Activated alumina

About: Activated alumina is a research topic. Over the lifetime, 1430 publications have been published within this topic receiving 31090 citations.

Removal of heavy metals by using adsorption on alumina or chitosan

Abstract: The removal of heavy metals from wastewater by using activated alumina or chitosan as adsorbers was evaluated. Cd(II) and Cr(III) were employed as models of the behaviour of divalent and trivalent metal ions. The adsorption of Cd(II) and Cr(III) onto the adsorbers evaluated was studied as a function of pH, time, amount of adsorber, concentration of metal ions and sample volume. A 0.4-g portion of activated alumina can retain 0.6 mg Cr(III) and 0.2 mg Cd(II) from 20 mL sample adjusted at pH 4 and stirred for 30 min. It is therefore possible to totally decontaminate 500 mL of a waste containing 5 mg L(-1) Cd(II) and Cr(III) with 10 g alumina. On the other hand, 0.4 g chitosan can totally decontaminate 20 mL of a pH 5 solution containing up to 50 mg L(-1) Cd(II) and Cr(III). A 99.2+/-0.1% retention of Cd(II) and 83+/-1% retention of Cr(III) was obtained from 500 mL of a laboratory waste. The aforementioned strategies were applied for the minimization of analytical chemistry teaching laboratories and atomic spectrometry laboratory wastes. On comparing both adsorbers it can be concluded that chitosan is more preferable than alumina due to the reduced price of chitosan and the absence of side-pollution effects.

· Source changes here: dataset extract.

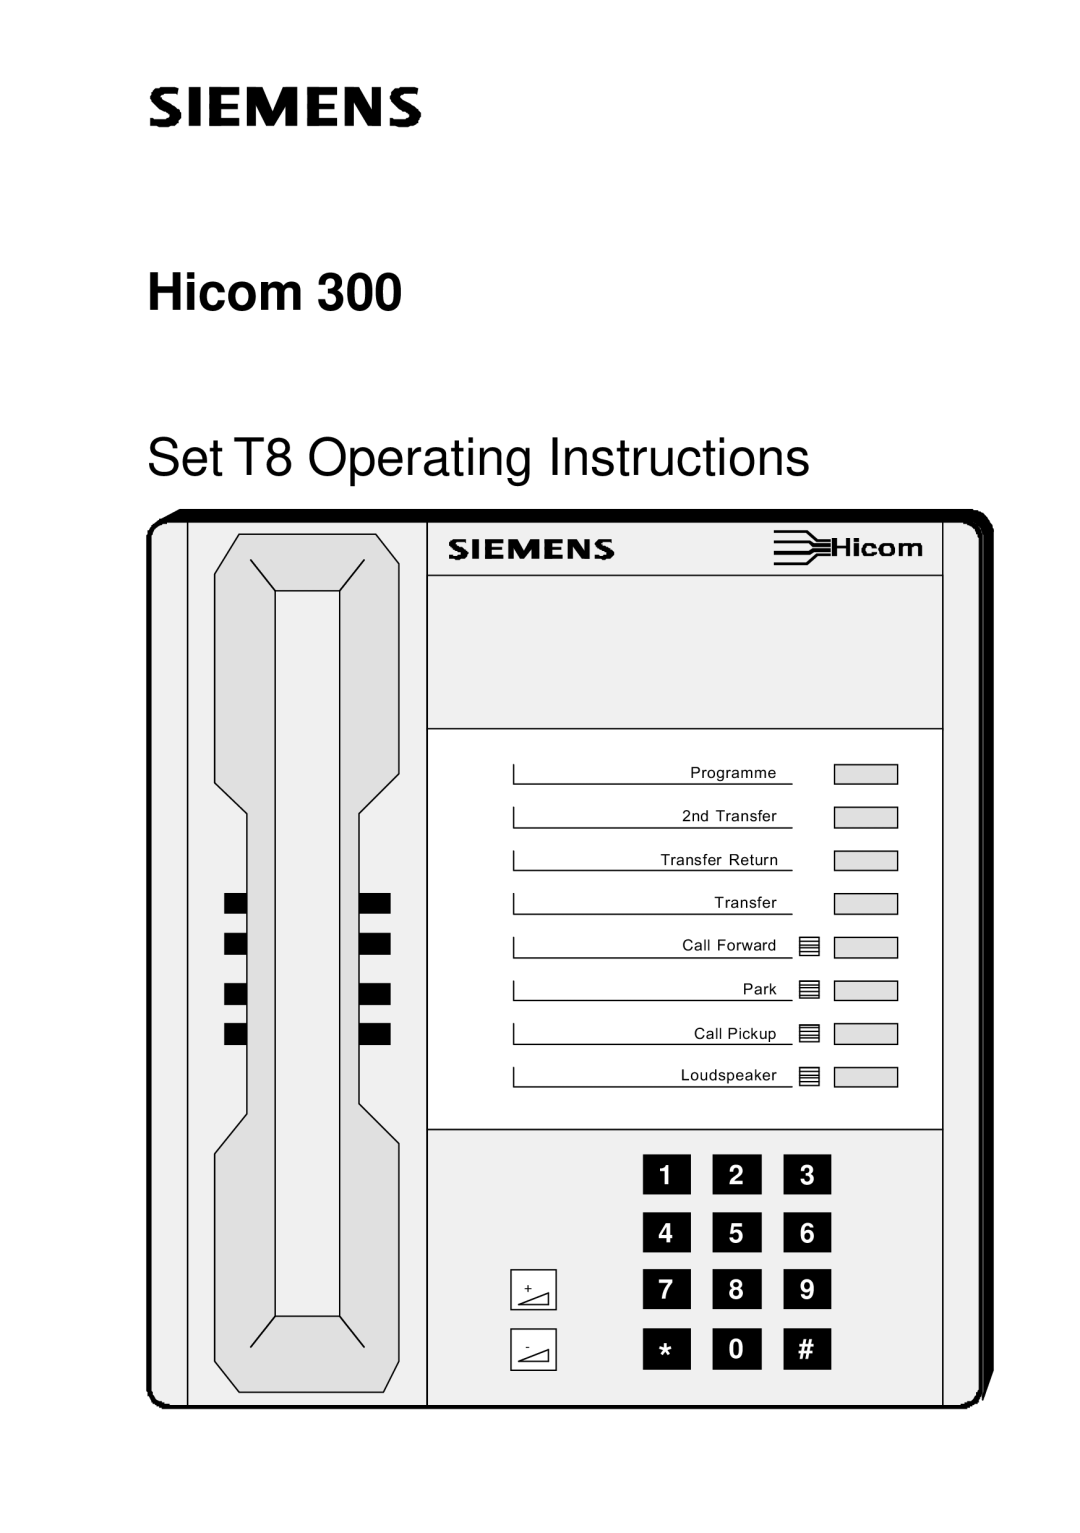 Siemens 300 operating instructions Hicom 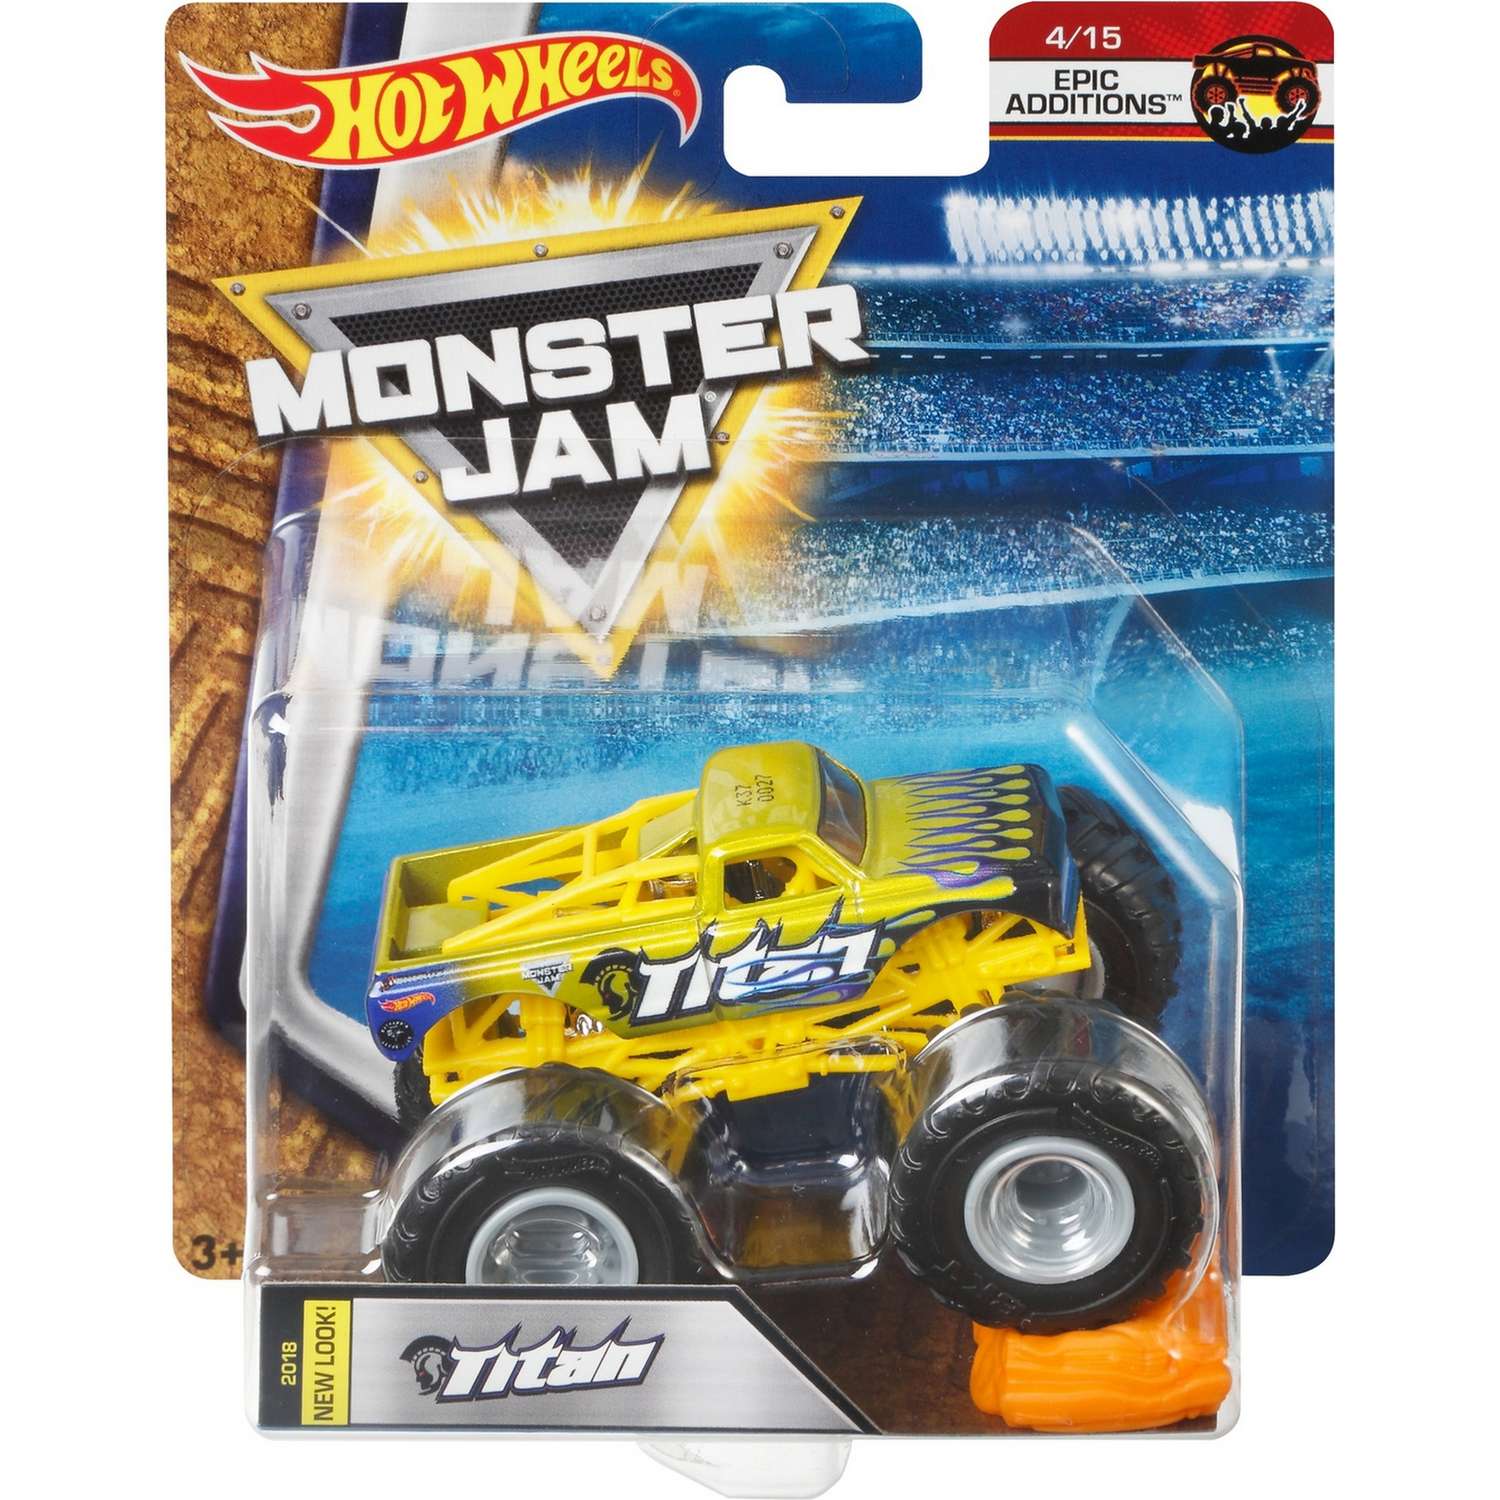 Машина Hot Wheels Monster Jam 1:64 Epic Edditions Титан новый дизайн FLW96 21572 - фото 2

Adsorption characteristics of As(V), Se(IV), and V(V) onto activated alumina: Effects of pH, surface loading, and ionic strength

Abstract: Arsenic, selenium, and vanadium are major anionic elements of concern in drinking water. This research investigated the adsorption characteristics of As(V), Se(IV), and V(V) onto a commercial activated alumina (AA) under different pH, surface loading, and ionic strength conditions using batch systems. The results indicated that the adsorption of these elements was significantly affected by pH and the surface loading. However, ionic strength generally did not impact their adsorption, indicating that the electrostatic effect on the adsorption of these elements was relatively not important compared to surface chemical reactions. A speciation-based adsorption model was used to simulate the adsorption of As(V), Se(IV), and V(V) by activated alumina and to determine the adsorption constants of different element species. This model can satisfactorily predict the adsorption of these elements in a broad pH range from 1.5 to 12 and a wide surface loading range from 1.0 to 50 mg/g activated alumina for different sorbent concentrations, using the same set of adsorption constants.